伯爵家を支えていたのは私なのに、浮気した元旦那様に未練があるとでも? 幼馴染の騎士と再婚しますのでお帰りください

最終話


 それからさらに月日が流れ、季節は巡り、春の匂いが再び庭に満ちていた。
 風にそよぐ若葉のざわめきが心地よく、花々は陽を浴びて色鮮やかに咲き誇っている。
 暖かな陽射しが頬を撫で、空を見上げると柔らかな青が広がっていた。
 エリナは芝生の上で、息子であるリアムが楽しげに笑い声をあげて走り回る姿を見守っていた。

「こら、リアム!そんなに走ったら転んじゃうわよ!」
「ママ、つかまえてごらん!」
「はいはい、待ちなさい!」

 エリナが軽やかに追いかけると、リアムは「きゃー!」と歓声をあげて駆け出した。
 その小さな足音が芝生を叩くたび、エリナの胸が温かさで満たされ、幸せが溢れ出してくる。
 リアムが振り返り、「ママ、大好きー!」と叫ぶ声に思わず笑いがこぼれた。
 やっと追いついてリアムを抱き上げると、その小さな体はふわりと軽く、けれど確かな重みと温もりを持っていた。

「もう、いたずらっ子ね。

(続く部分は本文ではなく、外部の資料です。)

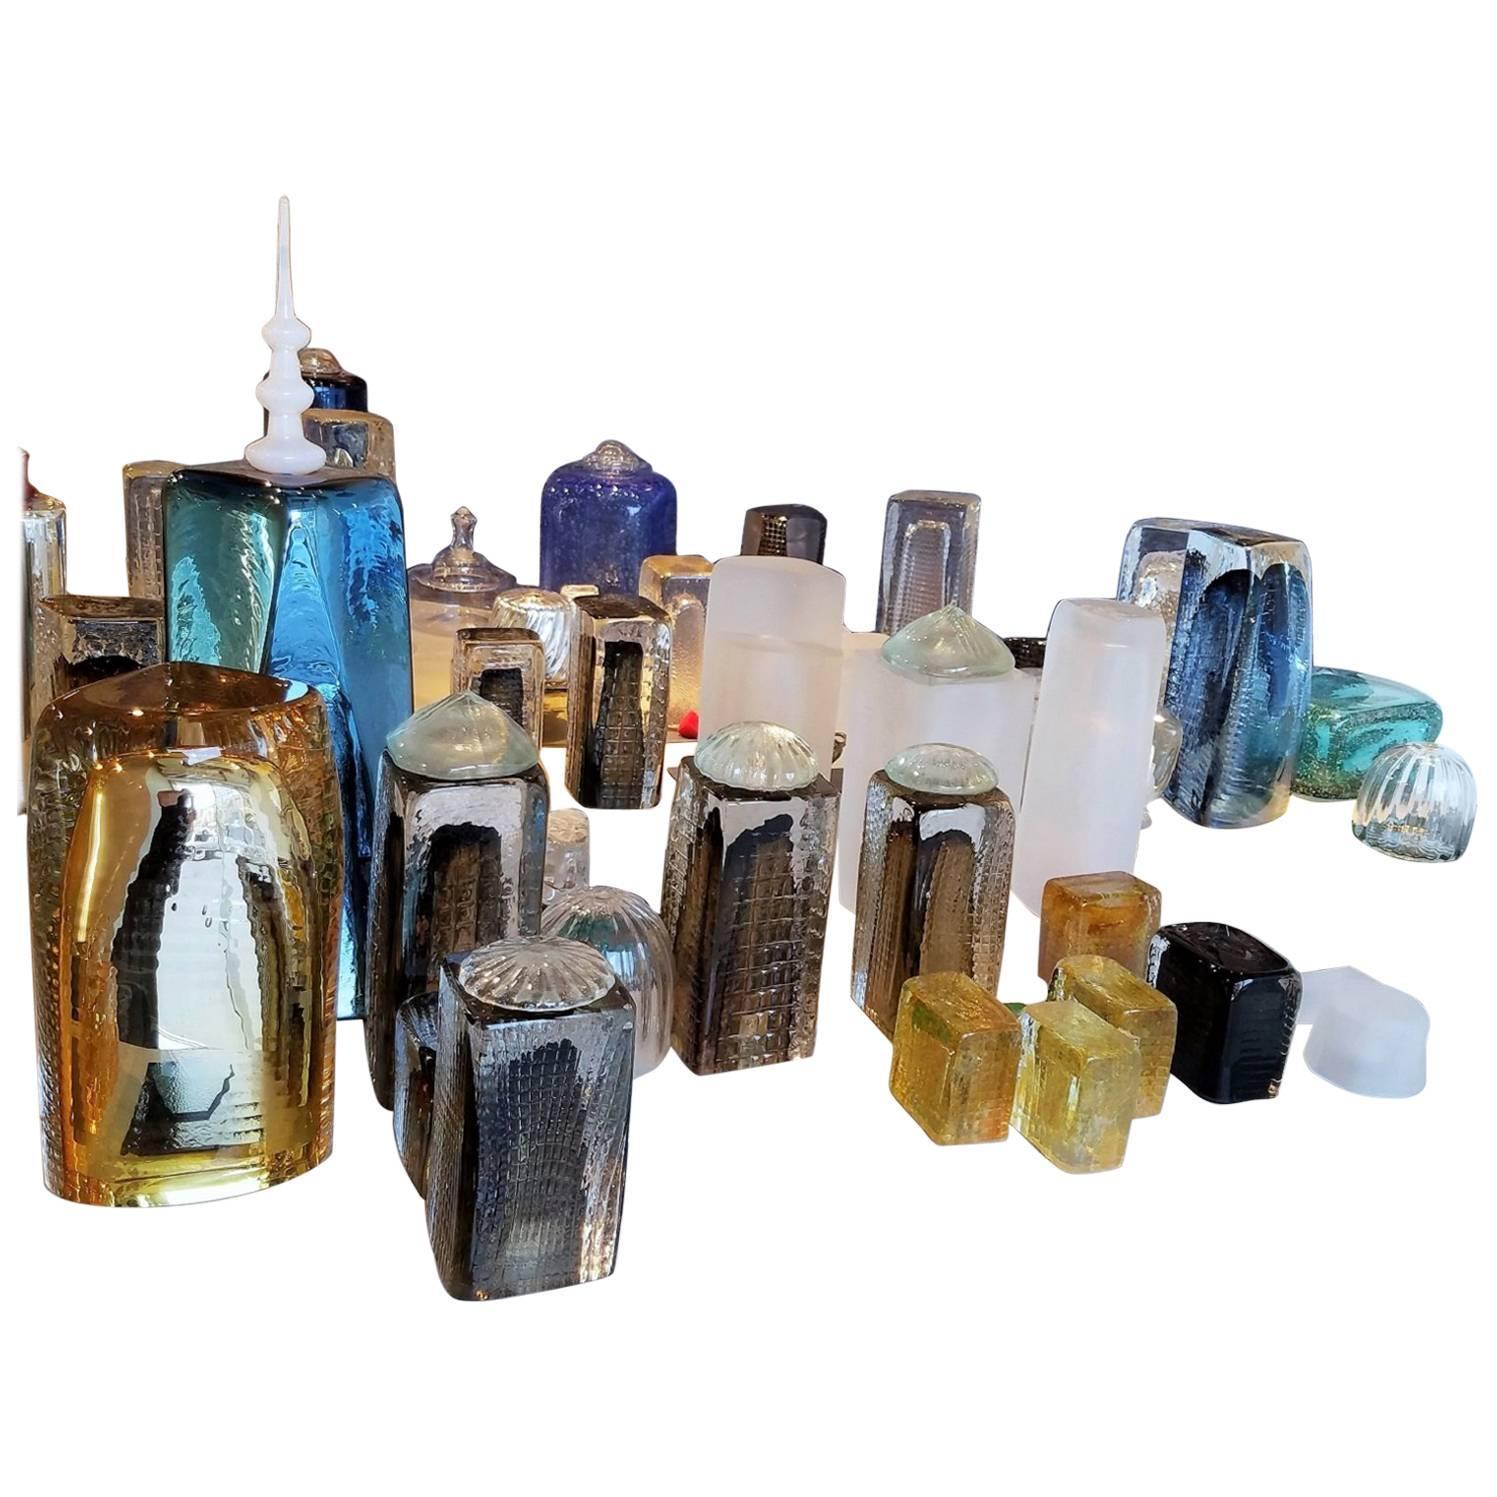 Downtown - Handmade Glass Skyline of Lower Manhattan, Contemporary, Modern

あなたはパパに似たのかしら?」
「えへへ、パパみたいにかっこよくなるんだ!」
「そうなの? じゃあ、パパみたいにママのことも助けてくれるの?」
「もちろん!ママは僕が守るんだ!」
「心強いわね……じゃあ、パパもびっくりしちゃうかも」
「パパをやっつける!」
「ふふ、そんなこと言って……でも、頼もしいわ」

 エリナはリアムのほっぺにそっとキスを落とし、その柔らかさに心がじんわりとあたたまる。
 ふと視線を向けると、庭の端でアレクが穏やかな笑みを浮かべてこちらを見ていた。
 目が合うと、エリナの頬が自然と緩み、胸の奥がじんわりと温まった。

「パパー!見て見てー!」

 リアムが腕を振りながら駆け寄っていくと、アレクはしゃがんで両腕を広げた。

「おいで、リアム」
「パパー!だいすき!」
「俺もリアムが大好きだぞ」

 リアムはアレクの胸に飛び込み、アレクは笑みを浮かべてその小さな体をぎゅっと抱きしめた。
 エリナはその姿を見て、目頭が熱くなり、そっと歩み寄る。

「パパ、ママもだいすき!」
「ありがとう、リアム。ママもパパも、リアムがいてくれて幸せだよ」
「ねぇ、パパ!今日ね、ママとお花いっぱい見たの!」
「そうか。綺麗だったか?」
「うん!ママが笑ってた!すっごく綺麗だった!」

 リアムの声に、アレクとエリナは顔を見合わせて笑った。その視線が自然と重なり、エリナはそっとアレクの腕に手を添え、彼の体温を感じるように指先を重ねる。
 アレクの手がエリナの手をぎゅっと握りしめる。その力強さが、これまでの痛みも涙も全て包み込んでくれるようで、エリナの胸が熱く満たされていく。
 リアムが二人の間でにこにこと笑いながら「パパとママ、だいすき!」と声をあげ、エリナはその笑顔を胸に焼き付けた。

「パパ、ママ、手つなごう!」
「うん、手をつなごう」
「じゃあ、お空にも手を振ろう!」
「お空にも?どうして?」
「だって、お空も笑ってるから!」
「そうだね。みんな笑ってる」

 リアムが小さな手を差し出し、エリナとアレクがその手を包むように重ねた。
 三人の手が一つに重なり、春の光が優しく降り注ぐ。
 風がそっと吹き、花びらが空に舞い上がり、芝生の上で三人の影が一つに溶けた。

「これからも、ずっと一緒だよ」
「ずっと一緒だ」
「ずっとずっとだよ!」

 エリナは心の奥でそっと誓った。この幸せを、この手で守り抜くのだと。もう二度と、失わない──目の前にある笑顔と温もりが、何よりも大切な宝物だった。